IL GIARDINIERE PLANETARIO

Da qui inizia un complesso percorso teorico, che ha prodotto diverse pubblicazioni, capisaldi del pensiero contemporaneo. Il giardino planetario è un progetto politico di ecologia umanistica, un concetto portato all’attenzione del pubblico a seguito dei suoi numerosi viaggi. Gilles Clément intuisce che tutto il pianeta è come un unico grande giardino, e l’umanità è il suo giardiniere. Spetta quindi a tutti noi, indistintamente, averne cura, esserne responsabili e saperlo salvaguardare. Dobbiamo riconciliarci con le altre forme di vita, ritrovare il nostro posto all’interno della natura e non operare con supremazia, da padroni del pianeta, ma in armonia. Altro concetto fondamentale è Il terzo paesaggio, che riguarda tutti gli spazi trascurati non antropizzati o abbandonati, considerati come i principali luoghi d’asilo per la biodiversità. Bordi di strade, scarpate, linee ferroviarie, aree residuali, luoghi marginali, frammenti indecisi di paesaggio sono estremamente necessari in quanto rifugio della maggiore parte di vegetazione spontanea, quindi di biodiversità. Soprattutto nelle città è utile osservare ciò che cresce senza omologazione, forme di vita resistenti, laboratori botanici che donano risultati imprevedibili. Il giardiniere planetario sa che il proprio lavoro deve essere svolto più con il cuore e con lo sguardo, che con la vanga. È di fronte alla bellezza di questo paesaggio spontaneo che nascono il sentimento e lo stupore dell’uomo nuovo.
Gilles Clément è colui che ha trasformato l’ecologia in una questione di democrazia”, ha affermato l’esperto di giardini Gaetano Zoccali, introducendo la consegna del premio Per un giardino evoluto attribuito a Clément durante le giornate di Orticolario a Villa Erba Como. “Cosa possiamo fare noi umani, e come possiamo intervenire, per restituire al pianeta l’equilibrio minacciato?”. Questa è la domanda suggerita da Clément durante la cerimonia di consegna del premio. E da questa domanda inizia la nostra conversazione con il grande paesaggista francese.

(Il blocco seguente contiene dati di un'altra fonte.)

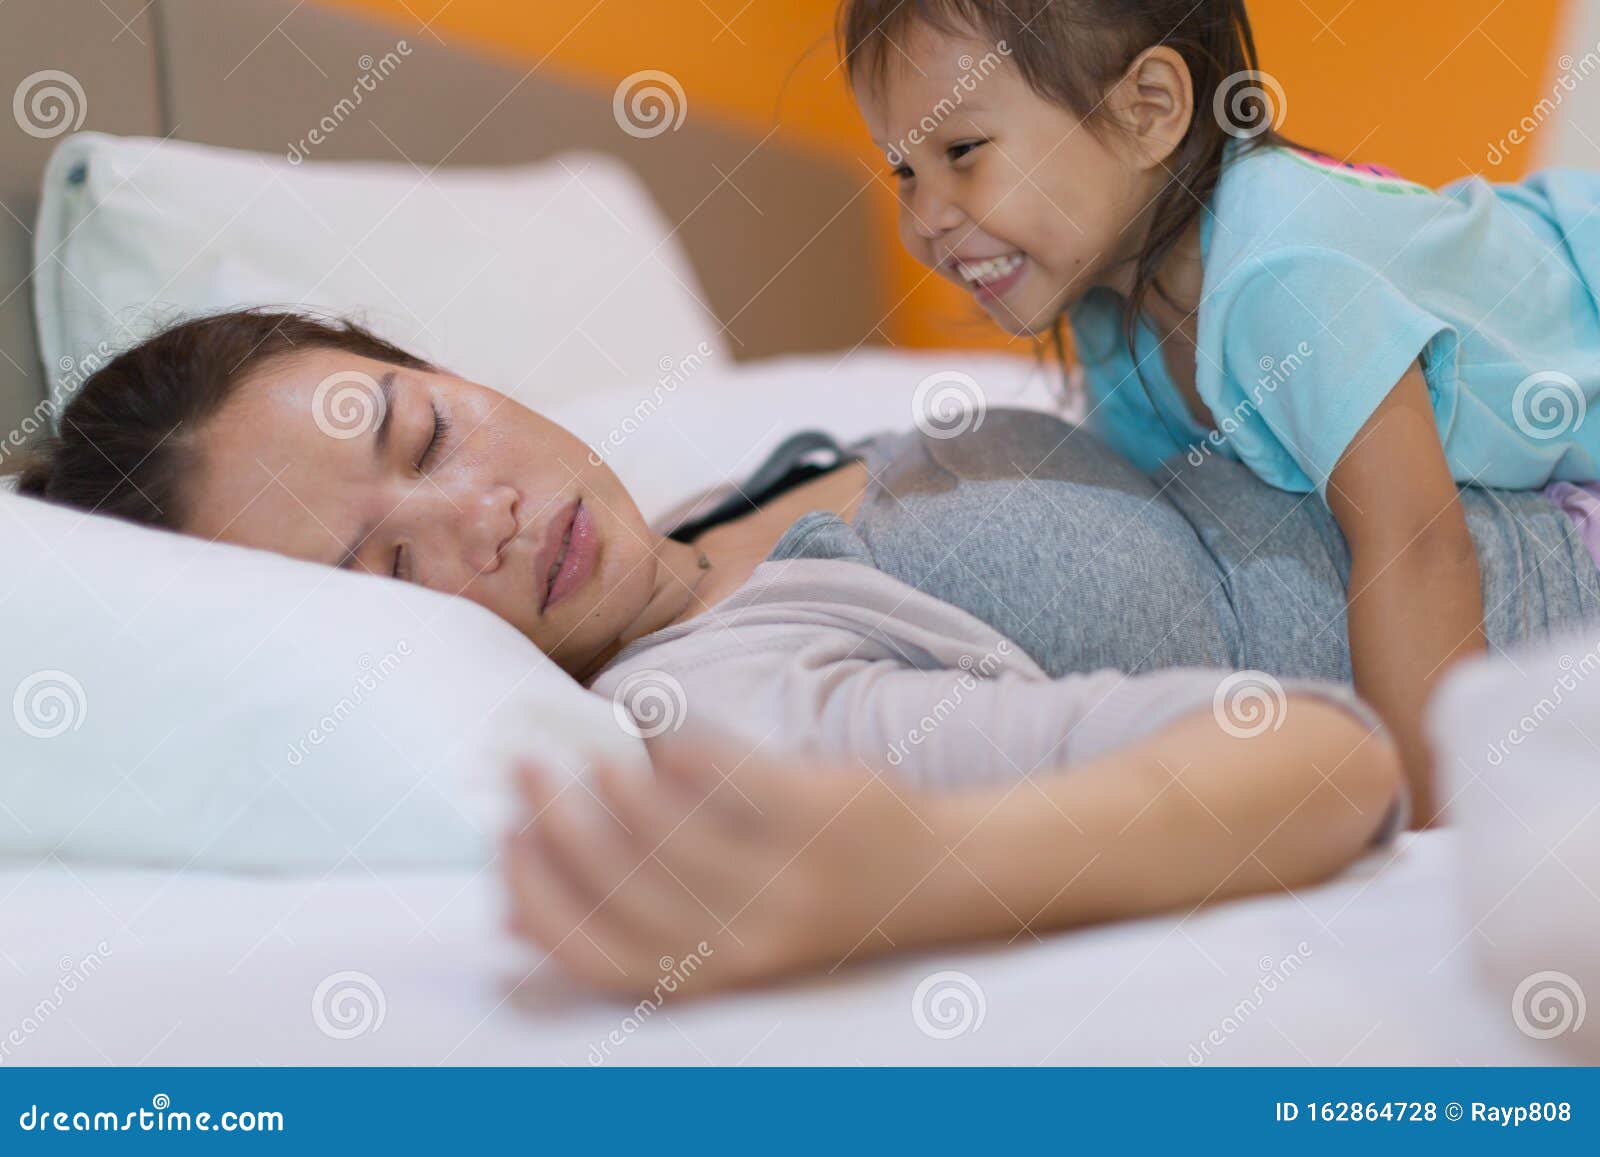 Сунул спящей маме. Спящие подростки девочки и мальчики. Спящий подросток и мама. Drinking mom сон.

Il giardino di Gilles Clément. Photo Claudia Zanfi
Il giardino di Gilles Clément. Photo Claudia Zanfi

L’INTERVISTA

Lei è un autore che ha fatto scuola, che ha profondamente influenzato generazioni di paesaggisti e giardinieri. Qual è la differenza tra landscape designer e giardiniere?
Esiste una profonda diversità tra il landscape designer’ (o progettista) e il giardiniere. Il primo ha una veduta più fredda, distante. Il progetto è soprattutto un’idea, disegnata su un tavolo, non sul terreno. Il giardiniere, invece, mette le mani direttamente nella terra, deve conoscere perfettamente le varie specie botaniche, i vari tipi di terreno, le varie necessità di ciascuna essenza vegetale. La sua presenza è indispensabile in tutte le fasi della realizzazione di un giardino o di un parco, dal disegno del progetto fino al sistema di irrigazione.

I luoghi liminali e i terreni abbandonati sono vere risorse per l’umanità? Qual è la loro importanza?
I terreni abbandonati (friches) sono una ricchezza per tutti, un tesoro a disposizione della città e dei cittadini. È molto arbitraria la nozione di ciò che è bello esteticamente in un giardino. Gli spazi abbandonati sono belli, perché sono naturali, spontanei e accolgono gran parte della biodiversità urbana. Così come gli orti collettivi sono utili perché sono luoghi di convivialità, di socialità e di pedagogia. In qualsiasi spazio pubblico bisogna sempre lasciare uno spazio incolto, libero dalla mano dell’uomo, senza interventi, così le specie pioniere e gli insetti impollinatori possono riprodursi e operare liberamente.

Le sue teorie hanno influenzato non soltanto paesaggisti ed ecologisti, ma anche scrittori, filosofi, sociologi, pensatori. Ritiene tutt’ora valide le sue posizioni alla luce delle urgenze del contemporaneo, dei cambiamenti climatici e dei disastri ambientali?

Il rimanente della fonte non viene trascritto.